M&Aでの銀行の役割とは?相談先として利用する際の注意点

M&Aにおいて、資金を調達したりプロのアドバイスを貰ったりなど、銀行の力を借りている企業は少なくありません。この記事では、M&Aについて銀行に相談をする際の注意点について解説します。銀行業界のM&A動向についても解説するため、M&Aにおける銀行の役割を理解する際の参考にしてください。

M&Aと銀行の関係

M&Aを実行するにあたって、銀行と企業はどのような関係性にあるのでしょうか。詳しく解説します。

買収資金の調達先として

M&Aにおいて、譲受側企業は、譲渡側企業に対して対価を支払う必要があります。資金は自己資金や株式の発行などで調達することもありますが、高額になると、銀行から融資をしてもらうケースもあります。なおこの際銀行側は、融資した資金を回収できるかどうかを判断するために、譲受側企業と譲渡側企業、それぞれの財務状況や事業計画などを詳しく調査します。

譲渡・譲受の相談先として

銀行はM&Aに関する専門的な知識や経験を持っているため、M&Aを検討する企業(譲渡側・譲受側)からの相談を受けたりアドバイスをしたりといった、助言業務を提供することもあります。銀行はM&Aの専門部署を持っていることも多く、専門的な観点から発言ができるのが特徴です。

買収資金の調達先としての銀行

M&Aで資金調達をする際、銀行はどのような役割を果たすのでしょうか。2つの役割のうち、まずは資金調達について解説します。

銀行は資金の融資を行う

銀行が譲受側企業に対して融資を実行するかどうかは、審査をもとにして決定されます。銀行をはじめとする金融機関の主な収益源は、融資にともなって発生する利息です。このため銀行は、長期間融資を実施しても返済が滞ることがなく、安定して収益が得られるかどうかを調査しなければなりません。

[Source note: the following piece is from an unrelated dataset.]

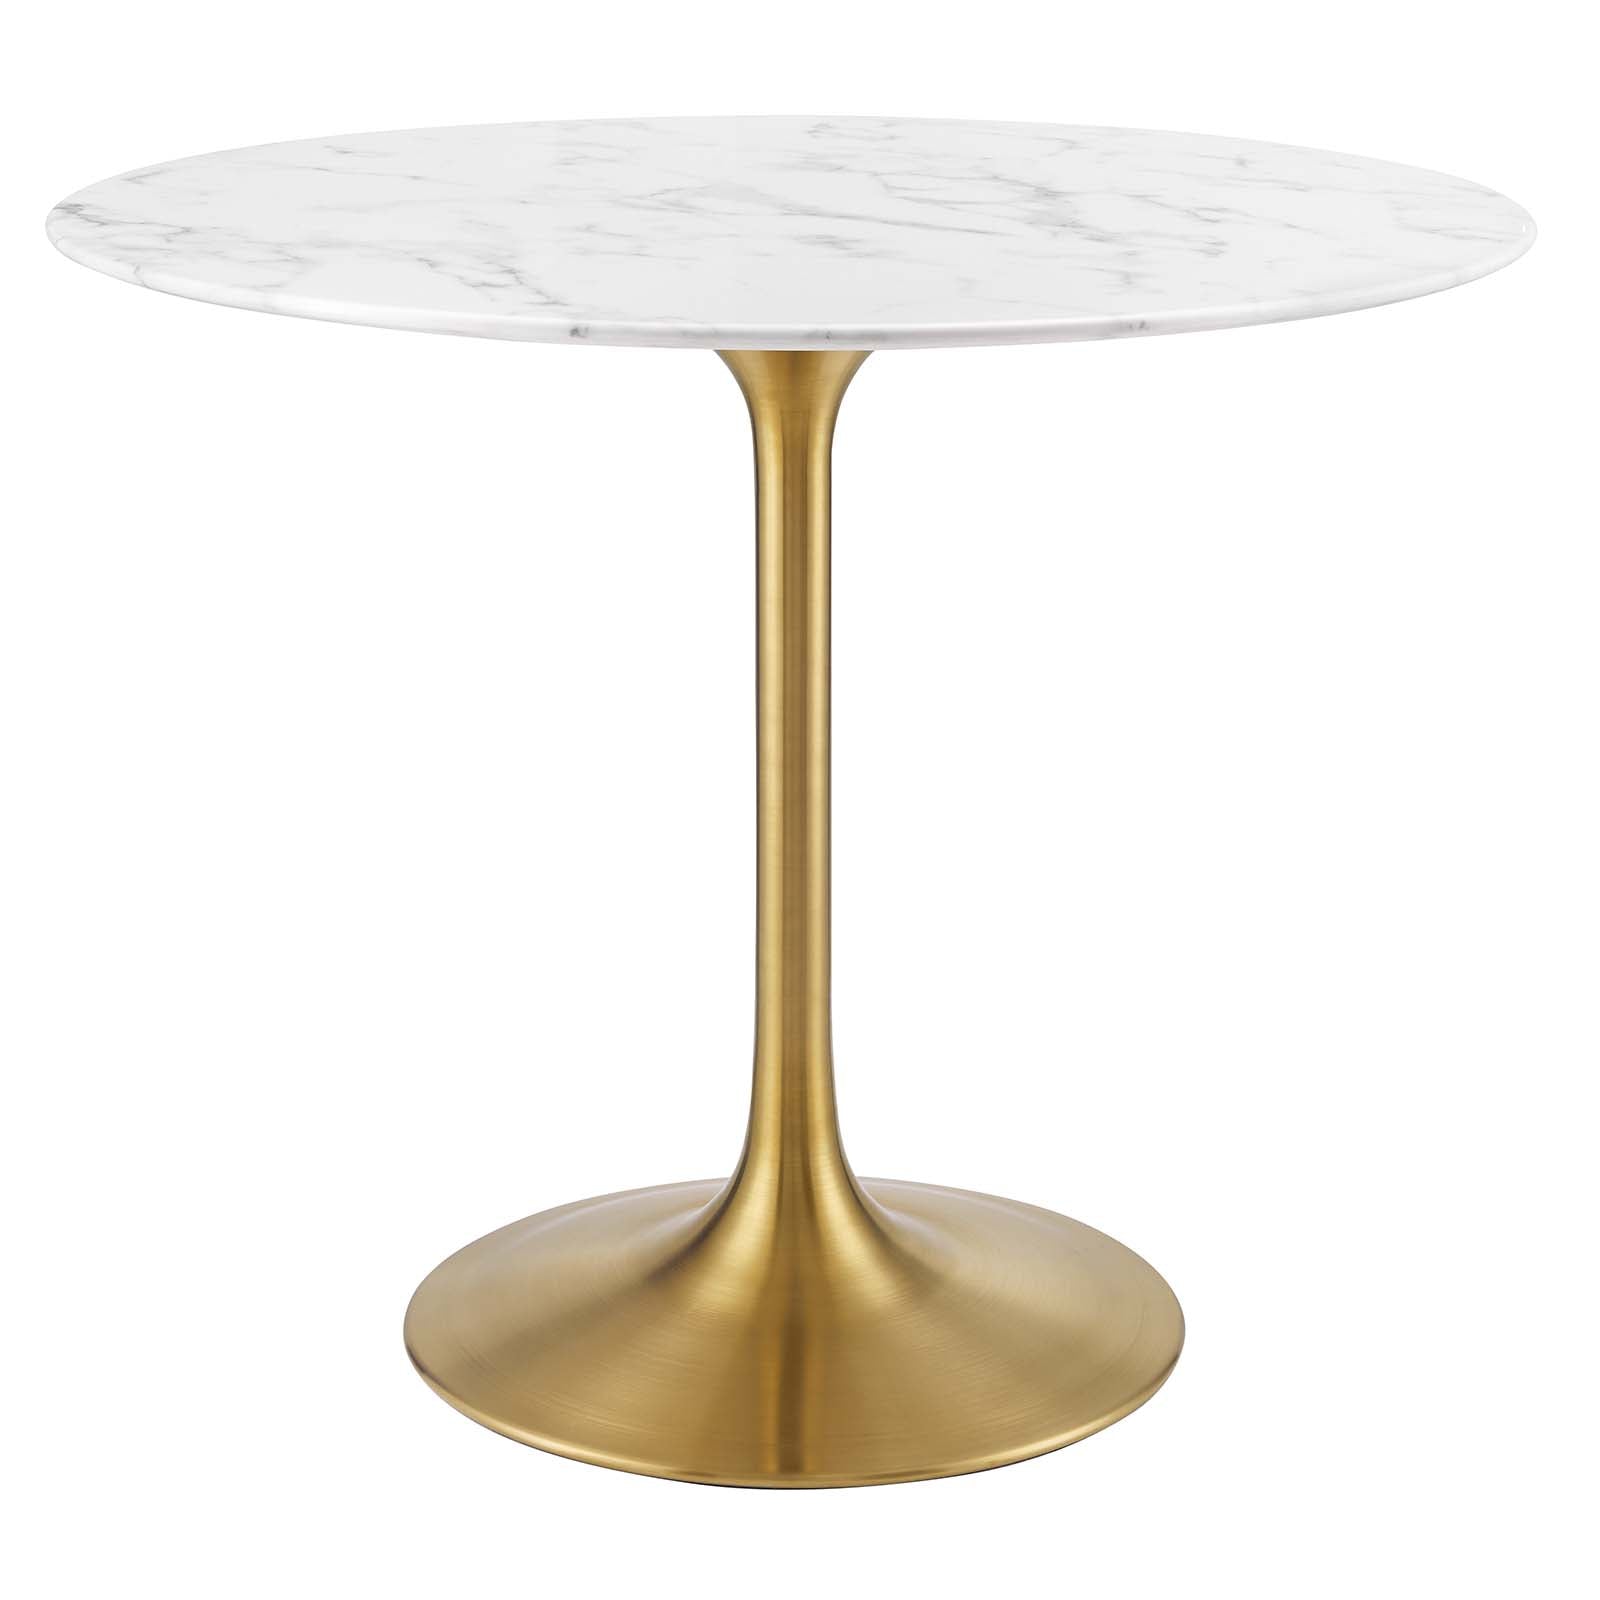 Lippa 36" Round Artificial Marble Dining Table
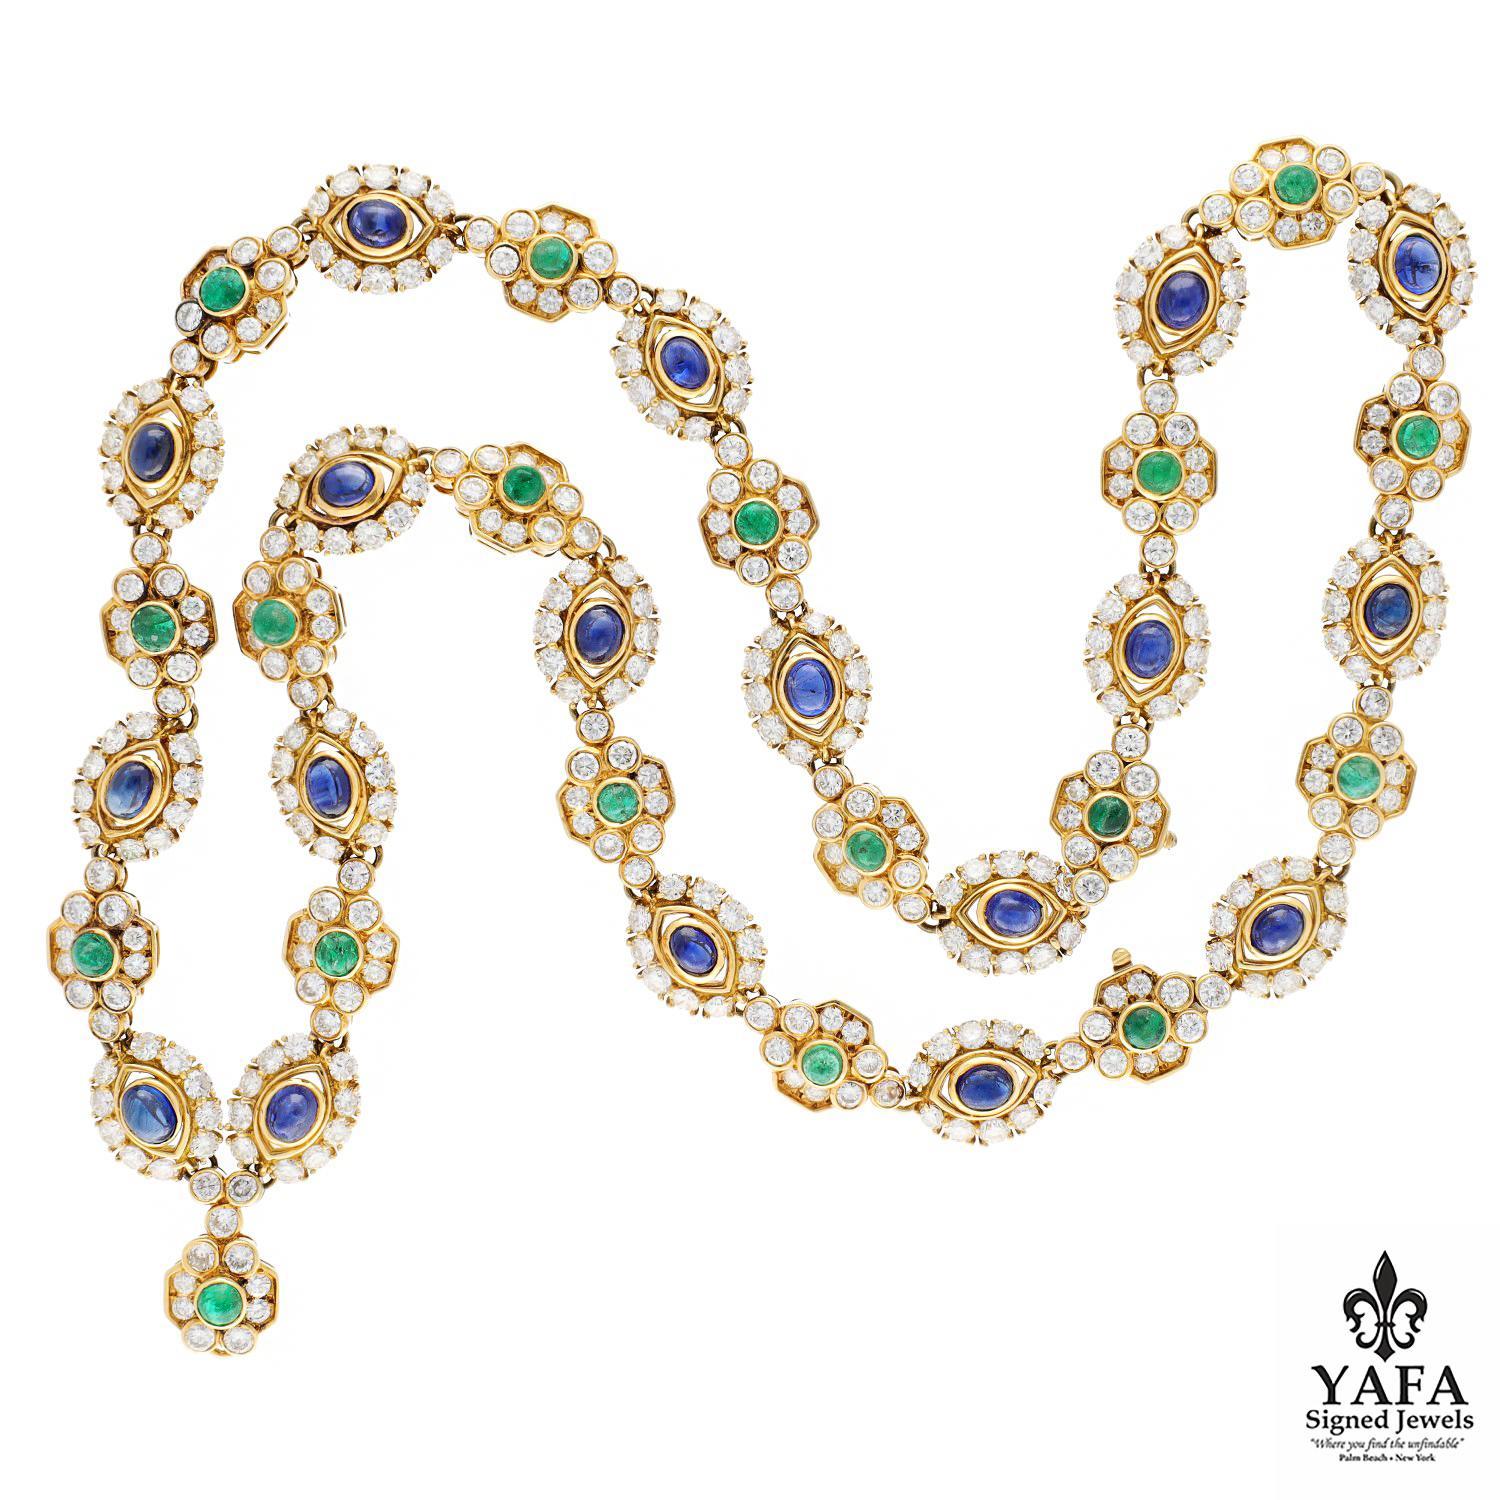 Alternating Cabochon Sapphires and Emeralds Encircled with White Diamonds, This Singularly Exception Necklace/Bracelet is an Outstanding Illustration of the Artistry Displayed by Harry Winston. Wearable as Matinee or Princess Length Sans the

譲受側の企業には、安定した財務状況や、無理のない事業計画などの、高い信用力が求められるといえるでしょう。

買収後の見通しと合理性が重要

銀行が融資をする際は、買収後における経営の見通しや、買収の合理性が重視されます。譲受側が融資を受ける際は、なぜM&Aを実施したいのか、そしてM&A後、金融機関への返済を滞りなく続けられるかどうか、よく検討しておきましょう。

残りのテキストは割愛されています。